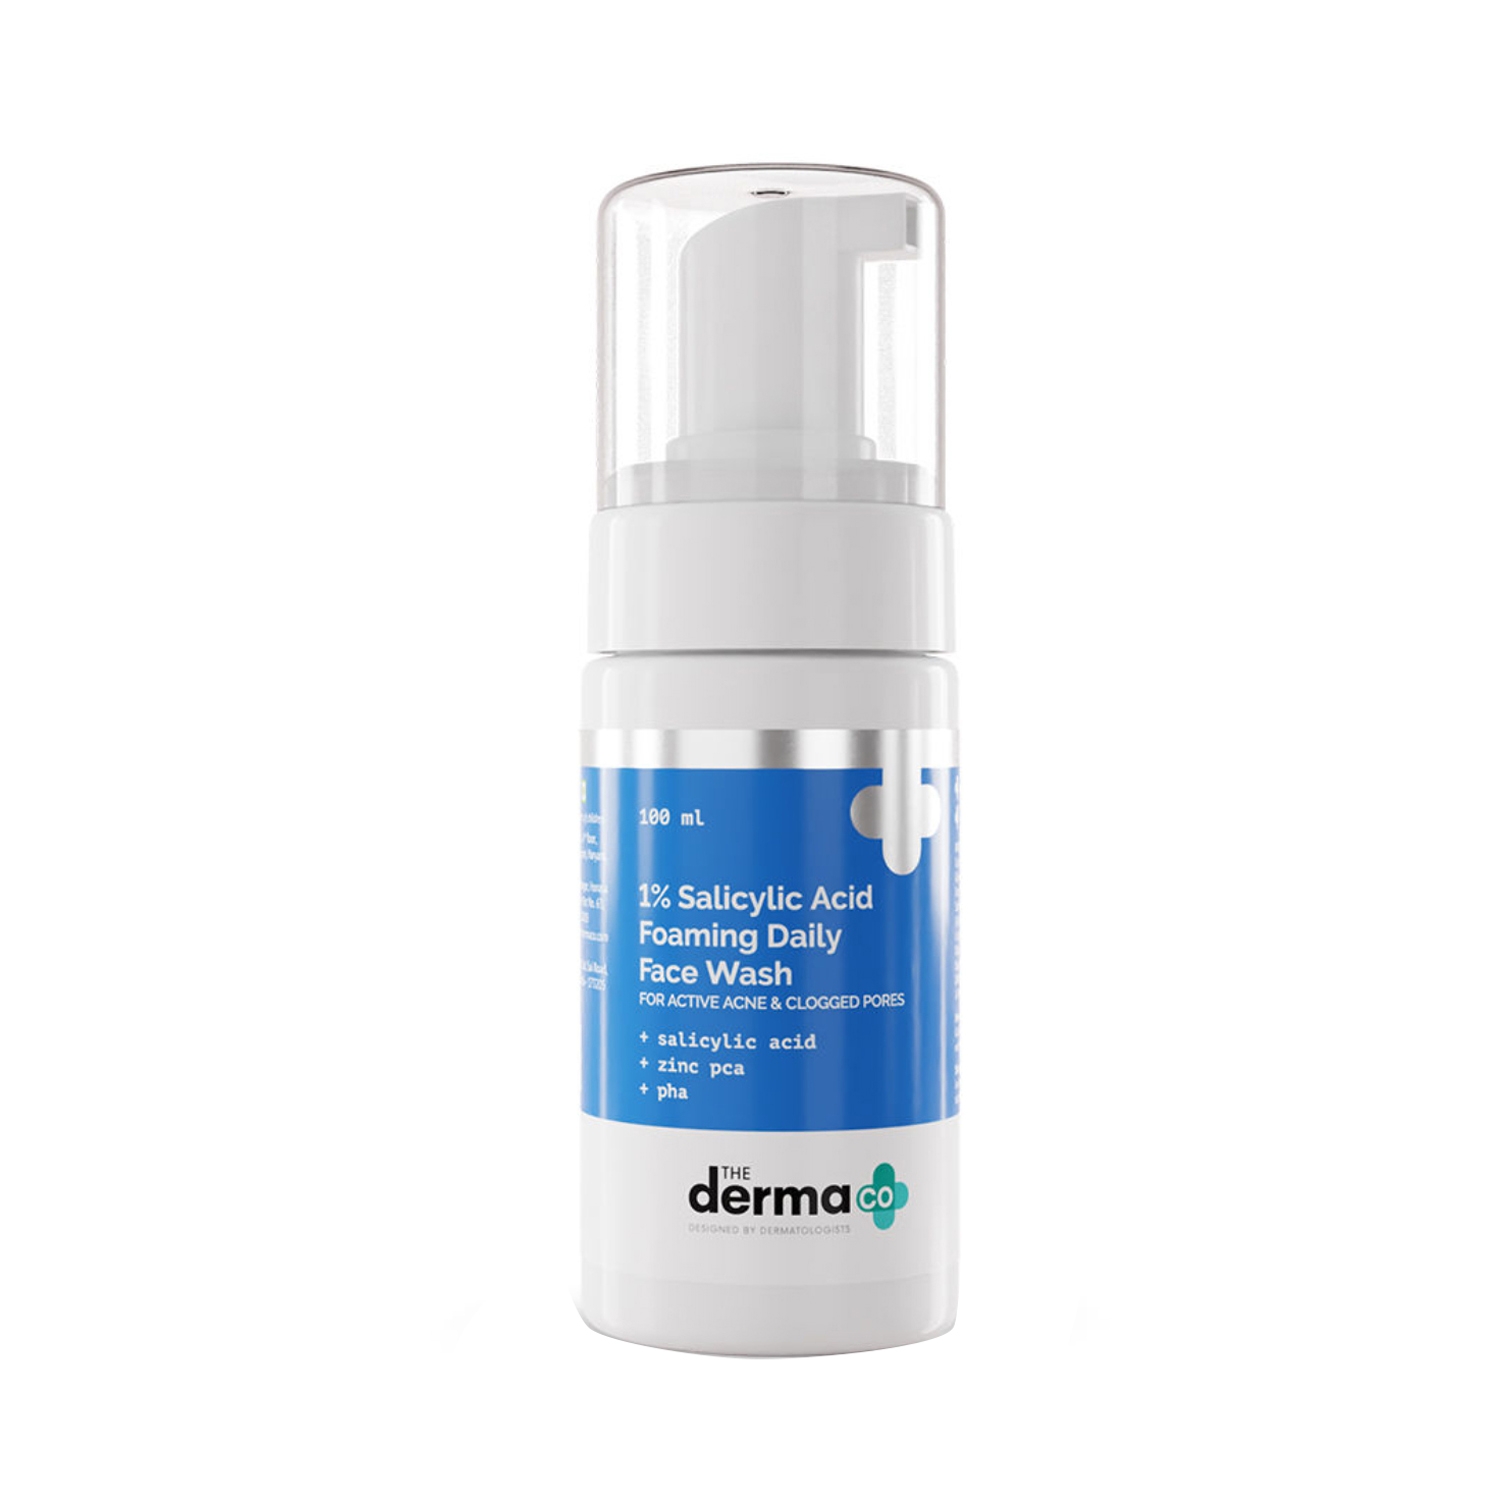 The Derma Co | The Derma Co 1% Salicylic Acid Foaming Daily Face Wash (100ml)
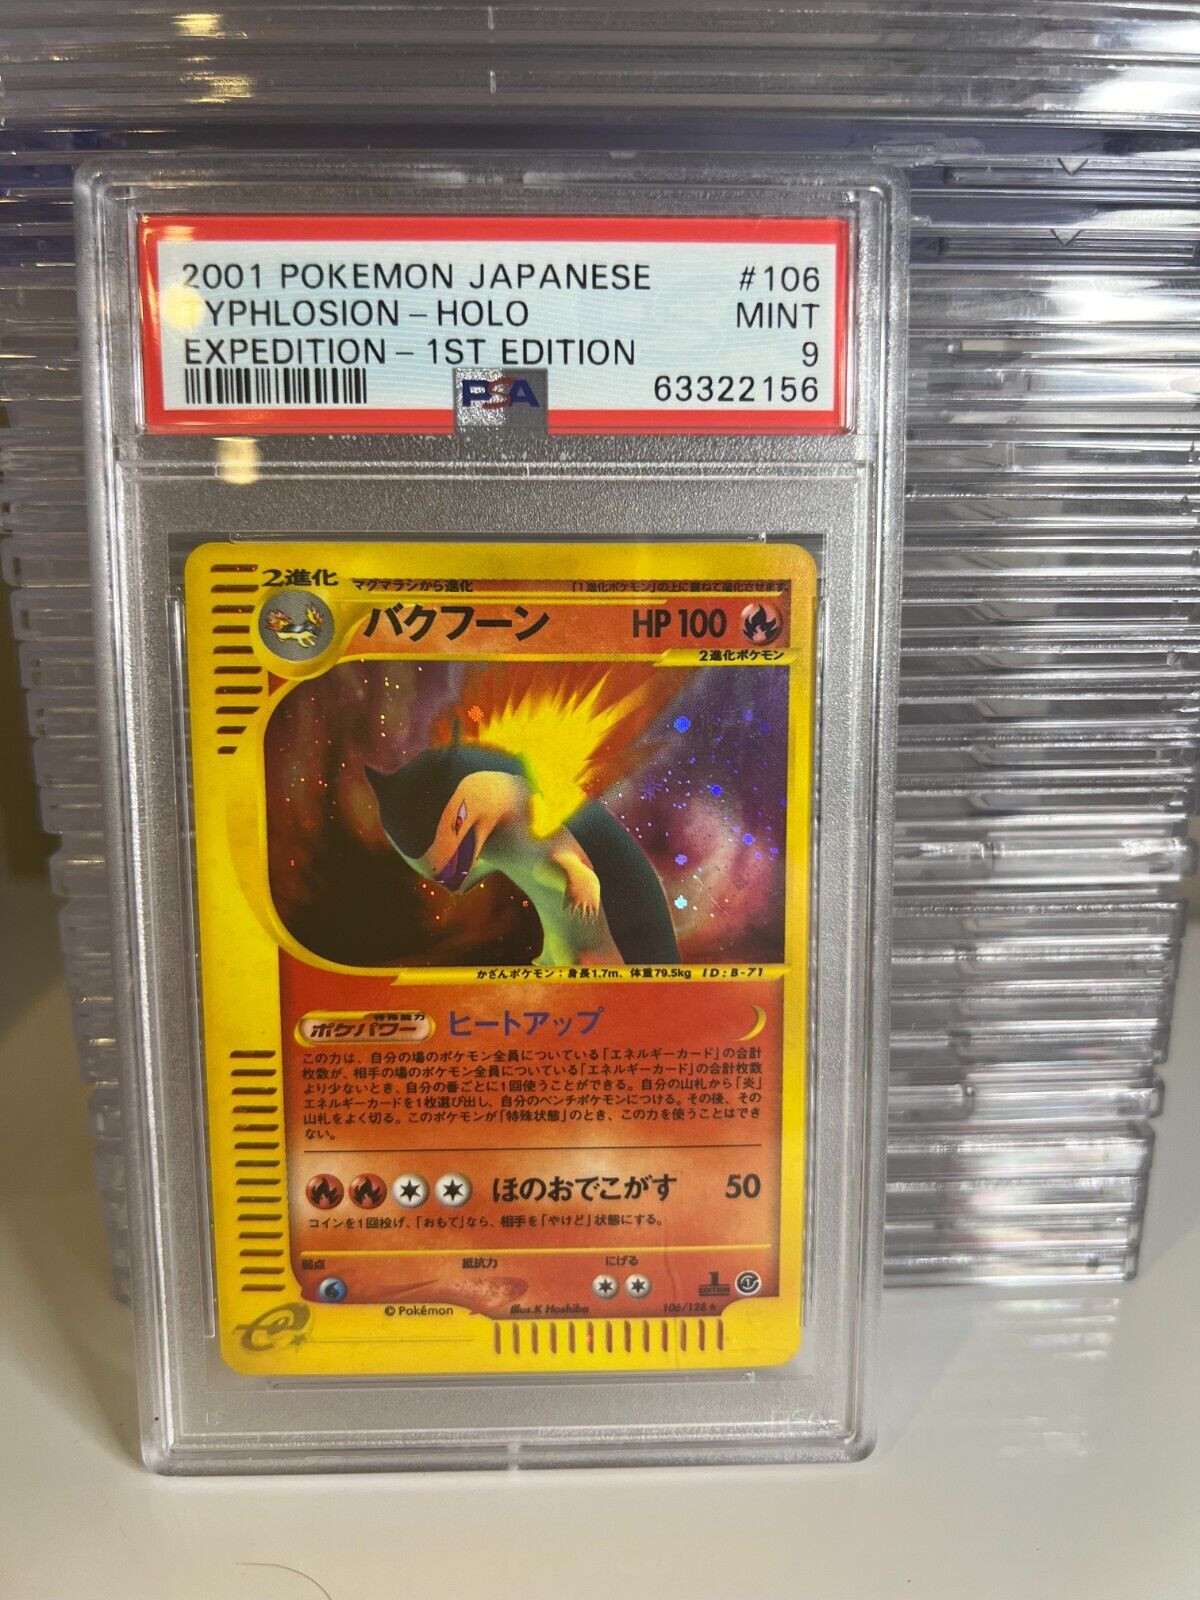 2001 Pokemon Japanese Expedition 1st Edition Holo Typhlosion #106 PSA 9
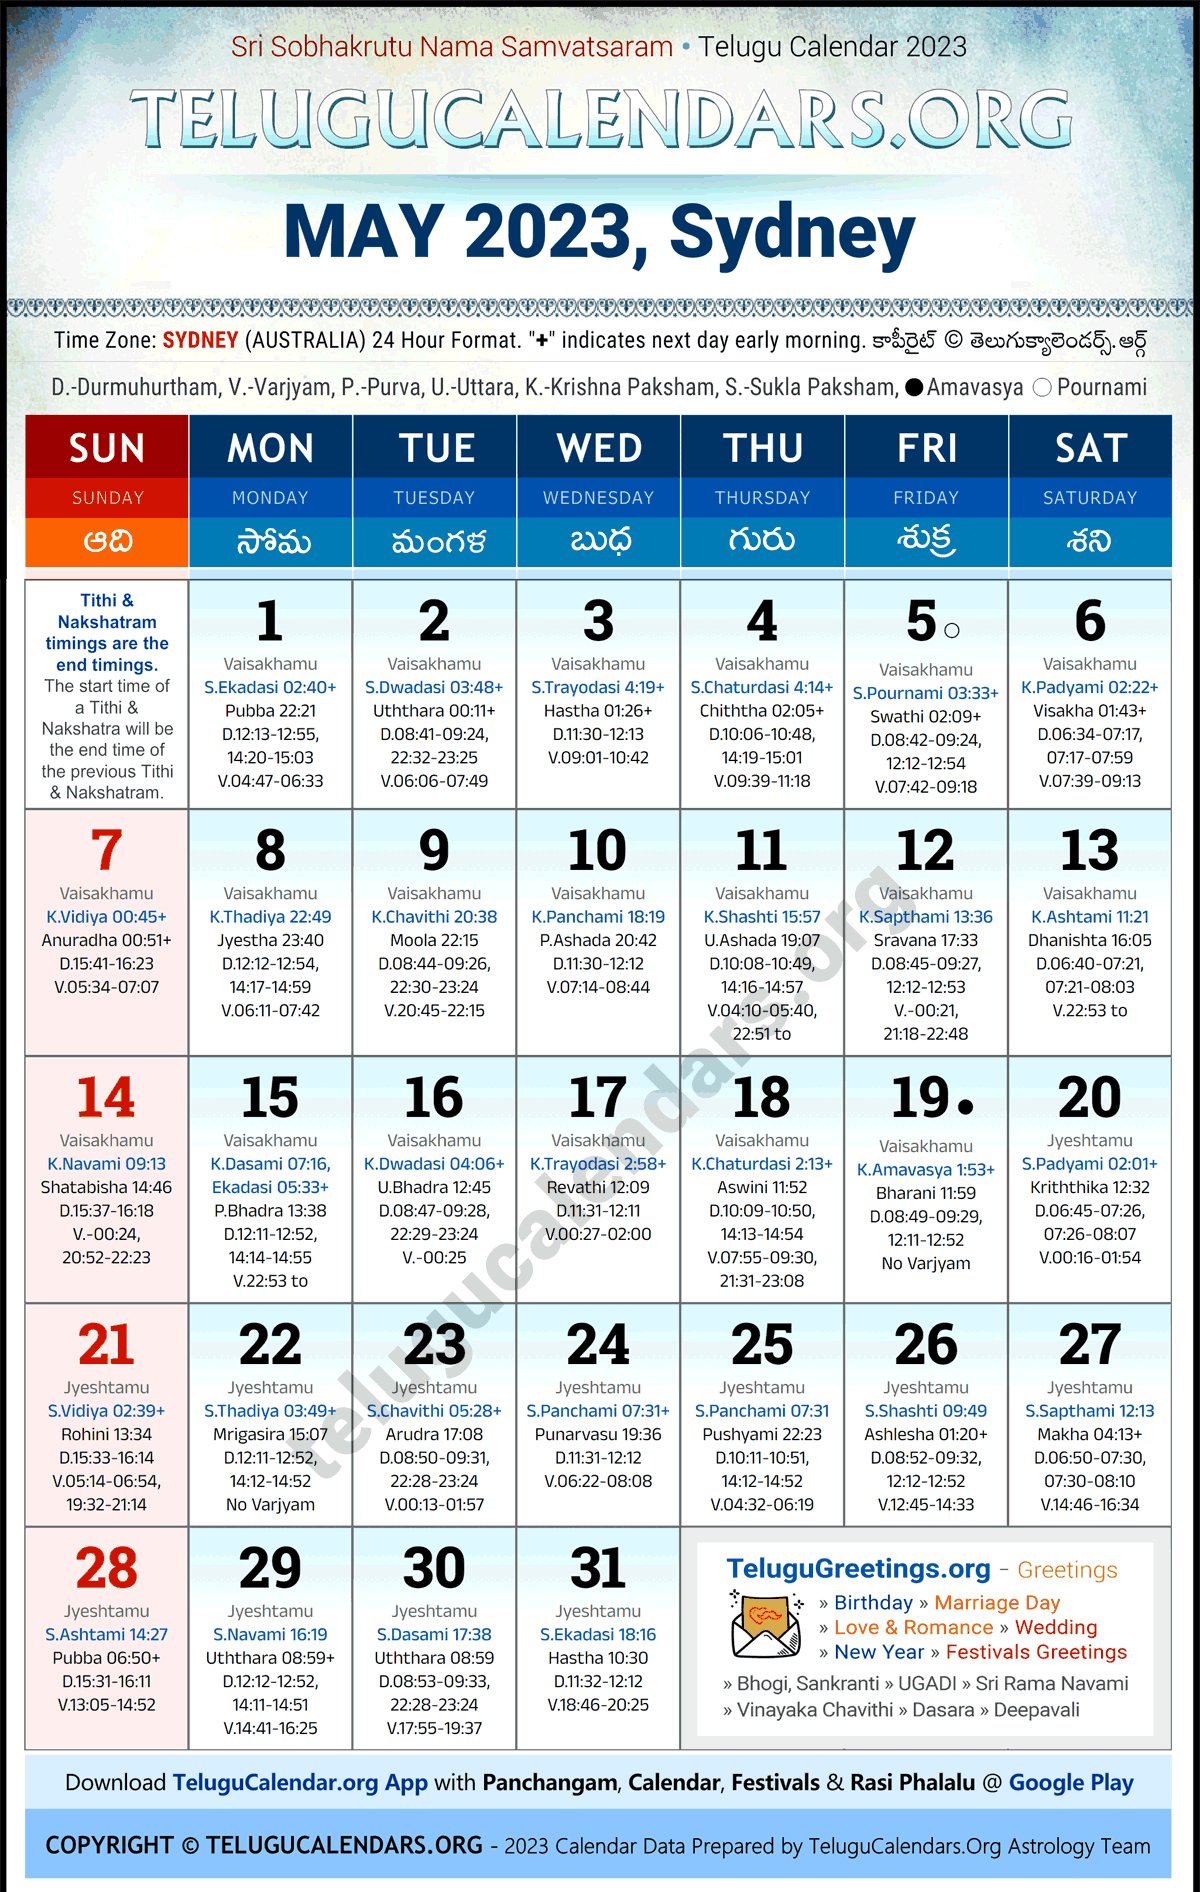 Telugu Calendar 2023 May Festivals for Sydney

━━━━

*Task to complete*: Transcribe the listing verbatim, pictures excluded.

*Completed exercise*:
 The Derma Co | The Derma Co 1% Salicylic Acid Foaming Daily Face Wash (100ml)
 2001 Pokemon Japanese Expedition 1st Edition Holo Typhlosion #106 PSA 9
 Telugu Calendar 2023 May Festivals for Sydney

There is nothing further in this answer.